Bitcoin has experienced a notable decline as the US stock market opened on Friday, prompted by higher-than-expected inflation data. The most recent figures from the Producer Price Index (PPI) revealed an increase of 0.5% month-on-month for January, exceeding the anticipated 0.3%. The core PPI presented an even larger surprise, rising 0.8% against expectations of 0.3%. This growth in producer prices has led to increased concerns in risk assets, negatively impacting Bitcoin’s value.
As a result, Bitcoin’s price fell nearly 2.5% on exchanges like Bitstamp, intensifying pressure on the cryptocurrency market as traders reacted to the heightened inflationary environment. In contrast, traditional safe havens such as gold and silver thrived under this “risk-off” sentiment. Gold turned its sights on $5,200 per ounce, while silver surged past $92, both reaching their highest levels since late January.
The market’s reaction to the inflation data has prompted a reassessment of expectations regarding interest rate decisions by the Federal Reserve.
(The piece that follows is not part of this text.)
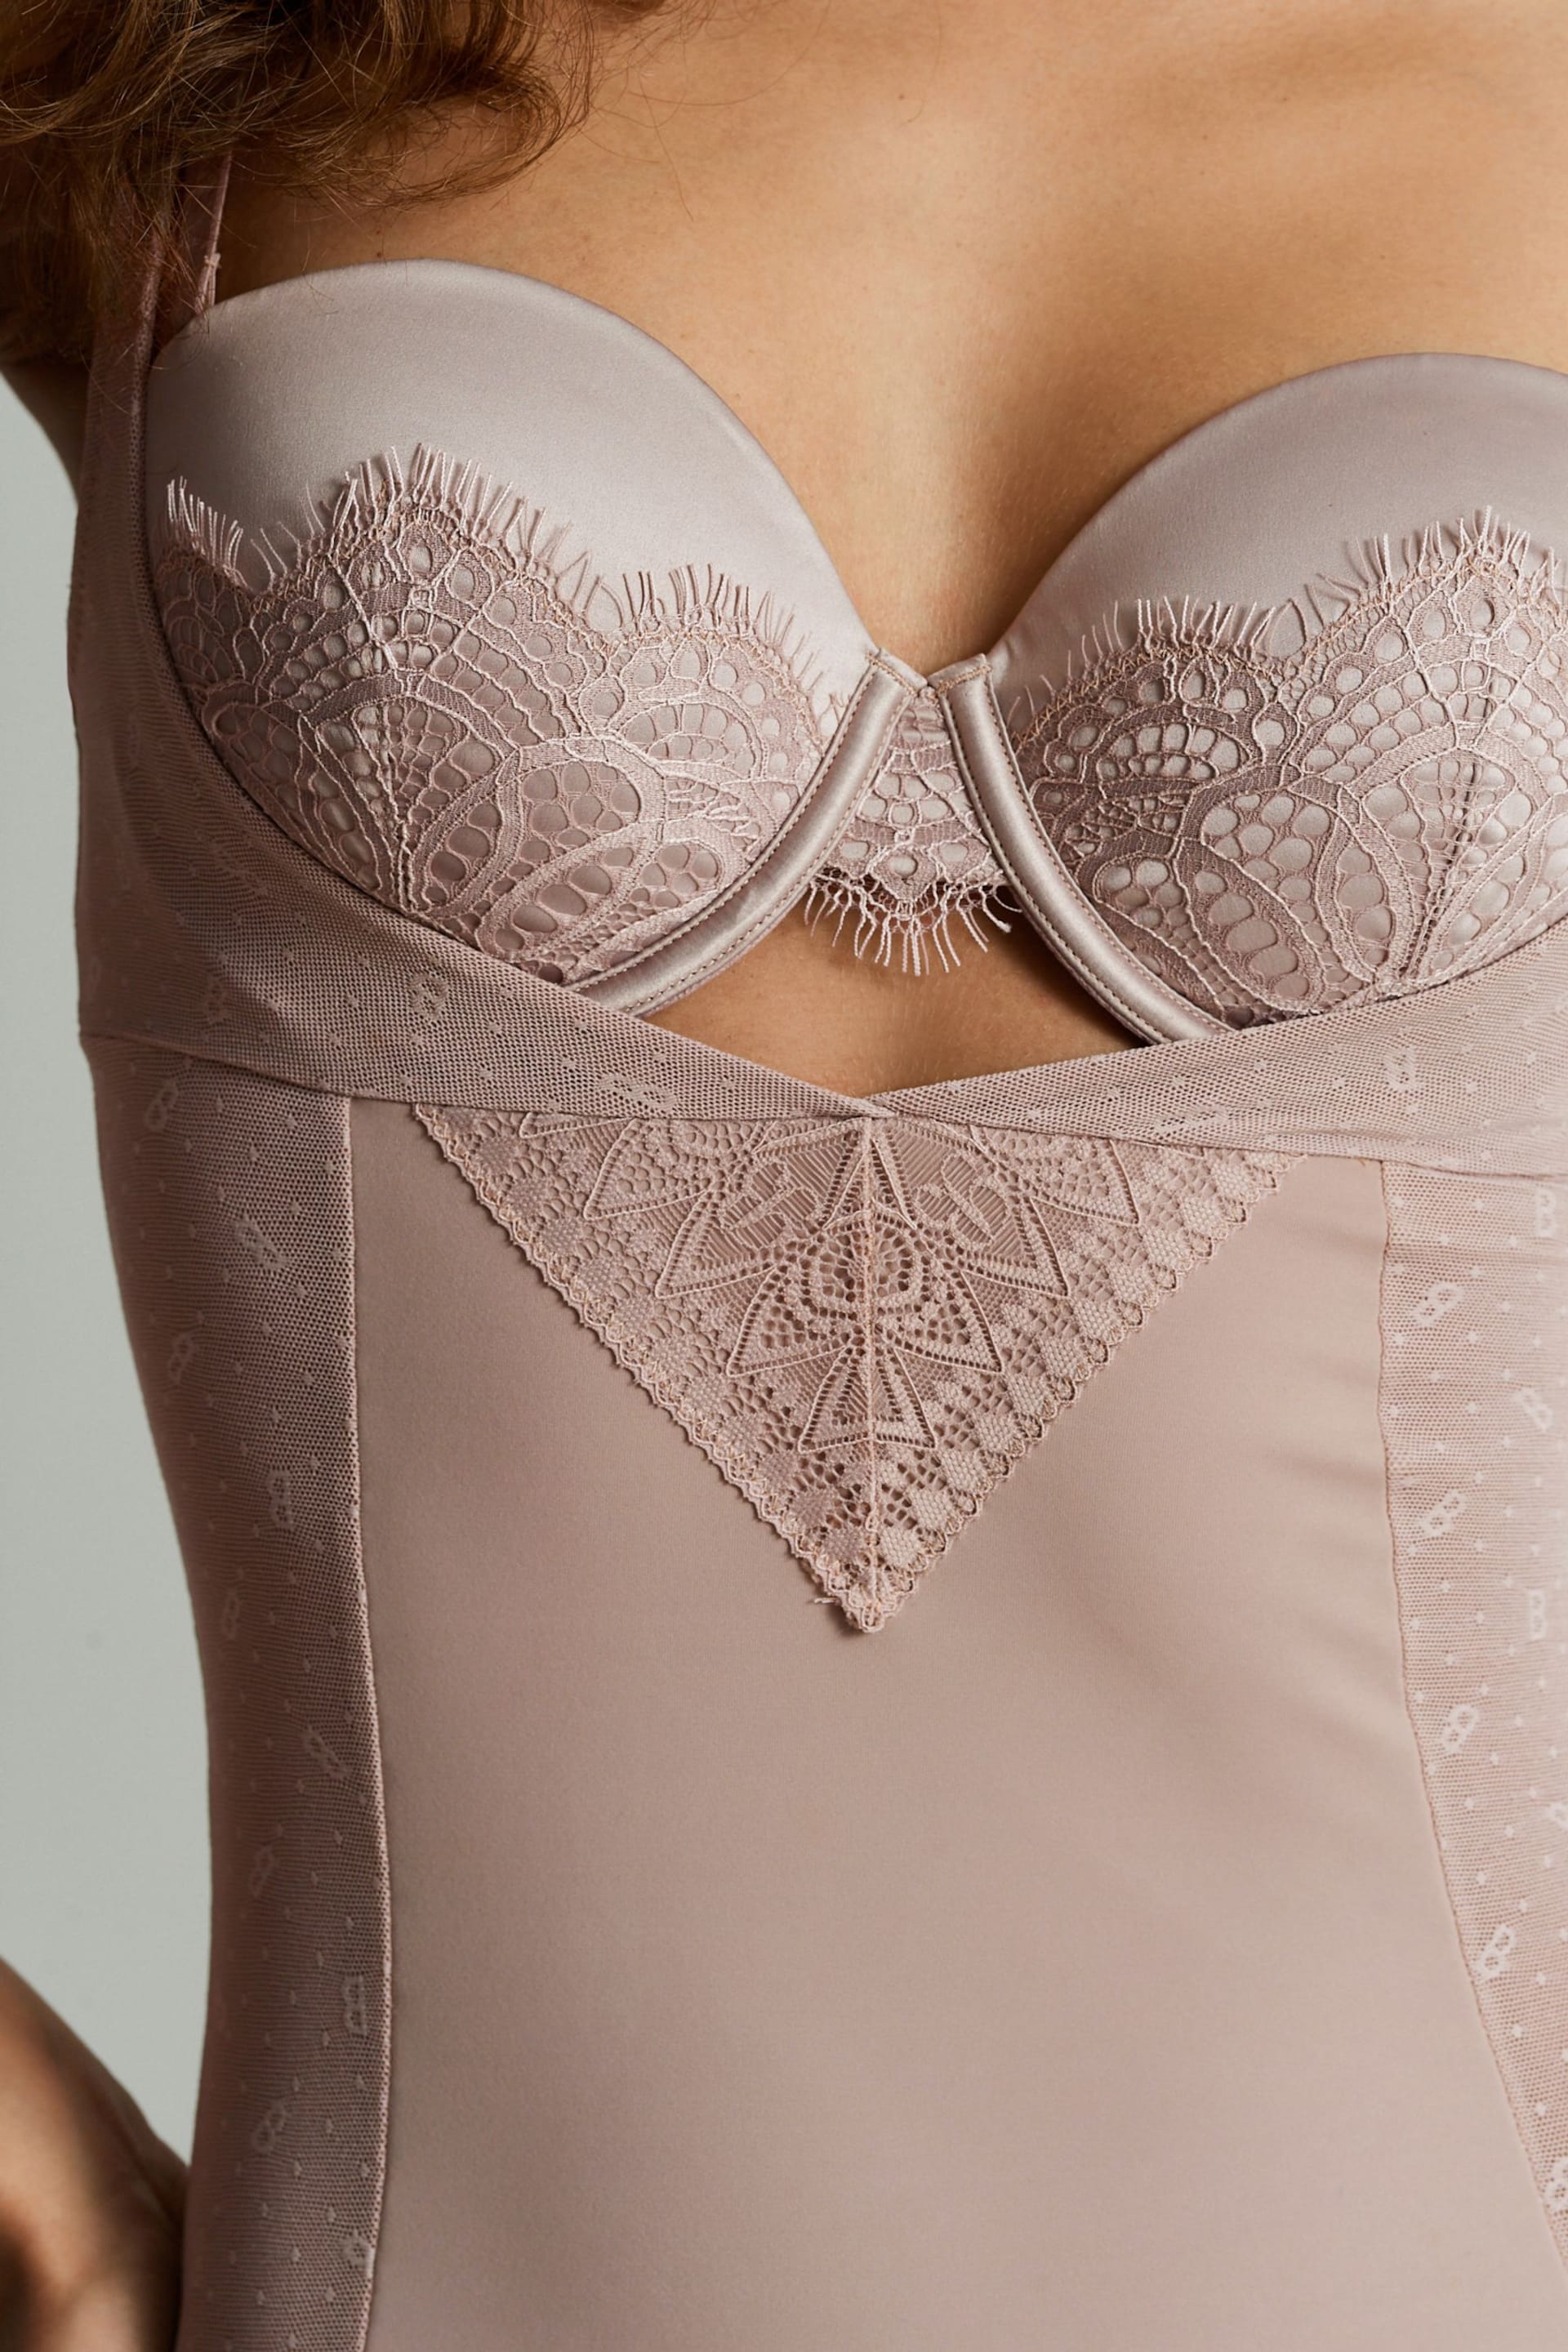 B by Ted Baker Wear Own Bra Shaping Slip - Image 3 of 7

Projections for cuts in interest rates during the Fed’s March meeting have now dropped to below 4%.
With the end of the month approaching, Bitcoin traders find themselves anxious about potential outcomes. Analyst Michaël van de Poppe has cautioned about the possibility of Bitcoin encountering levels reminiscent of its significant downturn in early February, where it reached 15-month lows close to $59,000. He emphasized the importance of holding the $65,000 mark, stating, “Pretty crucial area for me to hold on to. I’d highly favor that $BTC finds a higher low at $65k.”
Historical comparisons have not been favorable; last month witnessed a substantial collapse in the markets, raising uncertainties for traders as they await the closing days of January. Analysts are closely monitoring key resistance levels, including the 200-week exponential moving average and the crucial old all-time highs near $69,000.
Currently, Bitcoin’s performance is on track with February 2025 metrics, showing losses of nearly 17% month-to-date. This situation marks a concerning trend as the cryptocurrency prepares for what would be its fifth consecutive month of losses—a pattern not seen since 2018, according to data from CoinGlass.